The voltage VREAD is a voltage that turns the memory cell
transistor MC on regardless of the data it stores. The voltage Vcgr
is lower than a voltage VREAD, and is to determine in which voltage
range the threshold voltage of the memory cell transistor MC falls.
For instance, a read current flows into a read target memory cell
transistor MC when a threshold voltage of the read target memory
cell transistor MC is lower than the voltage Vcgr, but does not
flow when the threshold voltage is higher than the voltage
Vcgr.
[0127] The row decoder module 15 further applies a voltage Vsgr to
the select gate line SGD0, and a voltage VSS to the select gate
lines SGDb, SGSa and SGSb. The voltage Vsgr is a voltage applied to
the selection transistors ST1 and ST2 during a read operation to
turn the selection transistors ST1 and ST2 on.
[0128] In the above manner, a current path for passing a read
current to the memory cell transistor MCa4 via the selection
transistor STa1, dummy cell transistor MCad1, and memory cell
transistors MCa7 to MCa5 is formed in the memory string MSa.
[0129] FIG. 10(B) shows voltages applied when data is to be read
from the memory cell transistor MCb4 of the memory string MSb. The
row decoder module 15 applies a voltage Vcgr to the selected word
line WLb4, and a voltage VREAD to other word lines WLb0 to WLb3,
WLb5 to WLb7, and WLa0 to WLa7 that are not selected, and dummy
word lines WLad1, WLad2, WLbd1, and WLbd2, as illustrated in FIG.
10(B).
[0130] The row decoder module 15 further applies a voltage Vsgr to
the select gate line SGD0, and a voltage VSS to the select gate
lines SGDb, SGSa and SGSb.
[0131] In the above manner, a current path for passing a read
current to the memory cell transistor MCb4 via the selection
transistor STa1, dummy cell transistor MCbd1, and memory cell
transistors MCb7 to MCb5 is formed in the memory strings MSa and
MSb.
[0132] As described above, the row decoder module 15 turns the
selection transistor STa1 on and the selection transistor STb1 off
based on whichever of the string units SU0 and SU1 is a read
target. As described above, whichever of the string units SU0 and
SU1 is a read target, the row decoder module 15 forms a current
path for passing a read current to the read target memory cell
transistor MC via the selection transistor STa1.
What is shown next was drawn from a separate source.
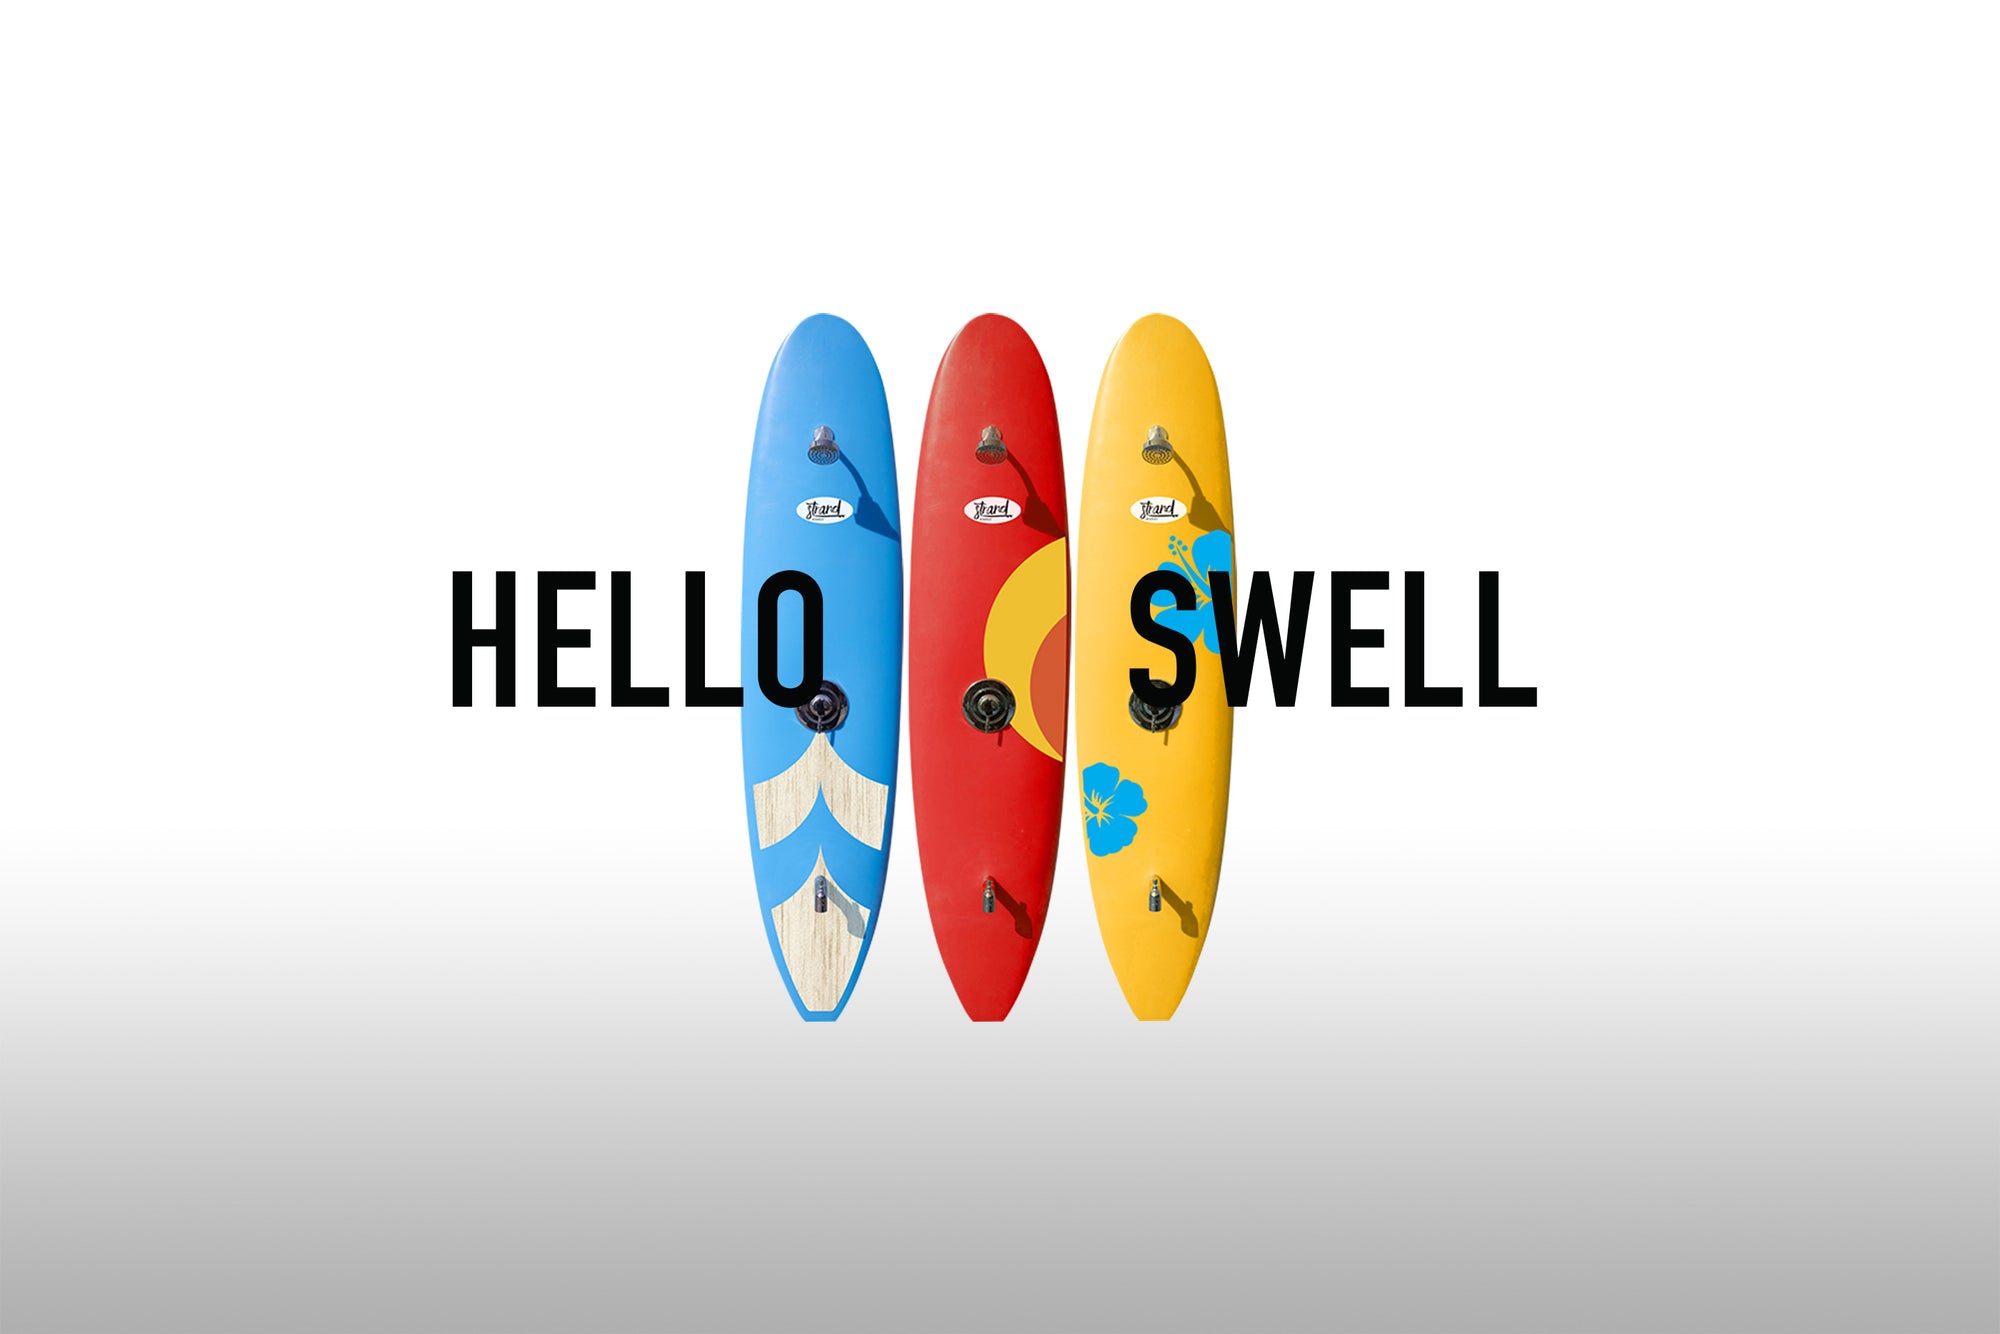 New Product Launch. Meet the New Swell Series by Strand Boards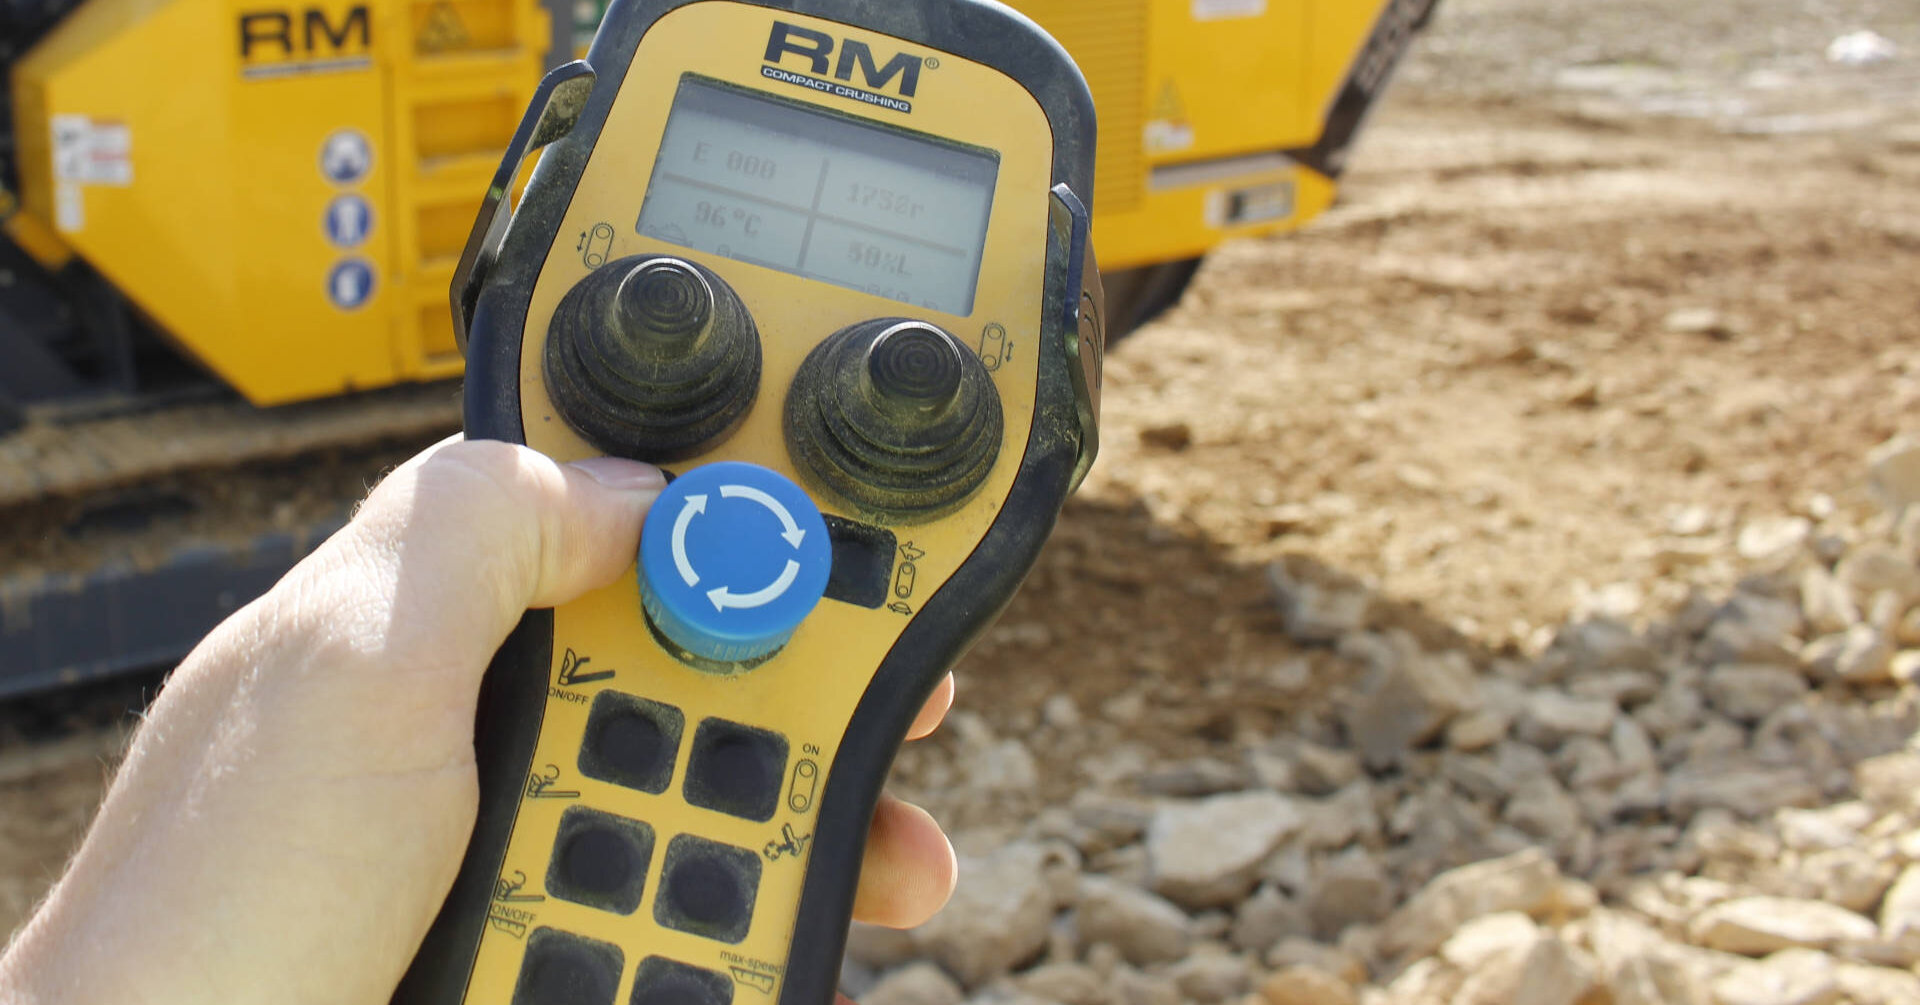 User-friendly controls in portable rock crushers

1.3 Manufacturing Method of Memory Device
[0133] An exemplary manufacturing process of a memory cell array in
the memory device according to the first embodiment will be
described below. FIGS. 11, 15, 17, and 19 show exemplary planar
layouts of a memory cell array viewed from above in the
manufacturing process of a memory device according to the first
embodiment. FIGS. 12, 13, 14, 16, 18, 20, and 21 show exemplary
cross-sectional partial structures of the memory cell array
corresponding to the planar layouts of the above manufacturing
process. The planar layout in each manufacturing process
corresponds to FIG. 4, and structural components such as interlayer
insulating films and interconnects are omitted as needed.
[0134] First, as illustrated in FIG. 11, a layer stack is formed in
which sacrificial members corresponding to the select gate line
SGS, word lines WL0 to WL7, and select gate line SGD are stacked.
In the layer stack, the stacked sacrificial members are formed in a
staircase pattern such that each of the stacked sacrificial members
has a terrace region at the two end portions (portions
corresponding to the hookup regions 200a and 200b) in the X
direction. Thereafter, the trench structures TST are formed in the
layer stack to extend in the X direction and to be aligned in the Y
direction.
[0135] FIG. 12 is a cross-sectional view of a cell region 100 in
the memory cell array 10 taken along line XII-XII in FIG. 11.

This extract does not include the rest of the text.